ACTIVITY:
For the string "Handmade", count the lines in the records below that contain it. Answer with that number alone.

Recorded data:
═══
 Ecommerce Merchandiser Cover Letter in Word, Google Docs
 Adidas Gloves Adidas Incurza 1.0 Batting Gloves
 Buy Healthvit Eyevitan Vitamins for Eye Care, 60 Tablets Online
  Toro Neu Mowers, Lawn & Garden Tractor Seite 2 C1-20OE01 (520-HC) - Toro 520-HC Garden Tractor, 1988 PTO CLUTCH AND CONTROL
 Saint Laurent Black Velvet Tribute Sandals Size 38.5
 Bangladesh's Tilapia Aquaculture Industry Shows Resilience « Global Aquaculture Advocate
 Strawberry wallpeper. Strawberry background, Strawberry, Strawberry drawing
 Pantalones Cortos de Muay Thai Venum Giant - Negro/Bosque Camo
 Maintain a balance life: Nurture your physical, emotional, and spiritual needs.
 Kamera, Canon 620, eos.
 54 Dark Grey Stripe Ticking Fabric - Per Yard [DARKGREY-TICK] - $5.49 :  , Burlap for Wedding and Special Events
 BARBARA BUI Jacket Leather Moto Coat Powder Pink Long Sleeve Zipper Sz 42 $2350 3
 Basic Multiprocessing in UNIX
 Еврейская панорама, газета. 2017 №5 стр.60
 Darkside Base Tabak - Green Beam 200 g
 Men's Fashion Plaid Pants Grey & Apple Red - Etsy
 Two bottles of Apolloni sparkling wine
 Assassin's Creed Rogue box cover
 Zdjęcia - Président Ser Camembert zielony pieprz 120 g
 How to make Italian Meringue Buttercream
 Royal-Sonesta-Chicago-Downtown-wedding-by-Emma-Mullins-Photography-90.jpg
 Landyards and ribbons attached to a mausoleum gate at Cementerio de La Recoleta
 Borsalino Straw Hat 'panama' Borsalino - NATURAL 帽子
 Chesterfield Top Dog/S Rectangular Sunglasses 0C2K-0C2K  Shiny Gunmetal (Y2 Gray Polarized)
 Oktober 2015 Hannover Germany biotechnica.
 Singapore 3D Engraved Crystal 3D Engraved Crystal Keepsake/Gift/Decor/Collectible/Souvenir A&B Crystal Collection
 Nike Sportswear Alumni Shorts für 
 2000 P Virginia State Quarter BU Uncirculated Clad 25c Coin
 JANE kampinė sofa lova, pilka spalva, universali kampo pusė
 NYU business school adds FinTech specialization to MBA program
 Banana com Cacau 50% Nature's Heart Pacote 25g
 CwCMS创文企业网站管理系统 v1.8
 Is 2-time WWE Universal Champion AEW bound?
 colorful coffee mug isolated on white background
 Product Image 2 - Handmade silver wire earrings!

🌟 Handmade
═══
EXERCISE OUTPUT:
2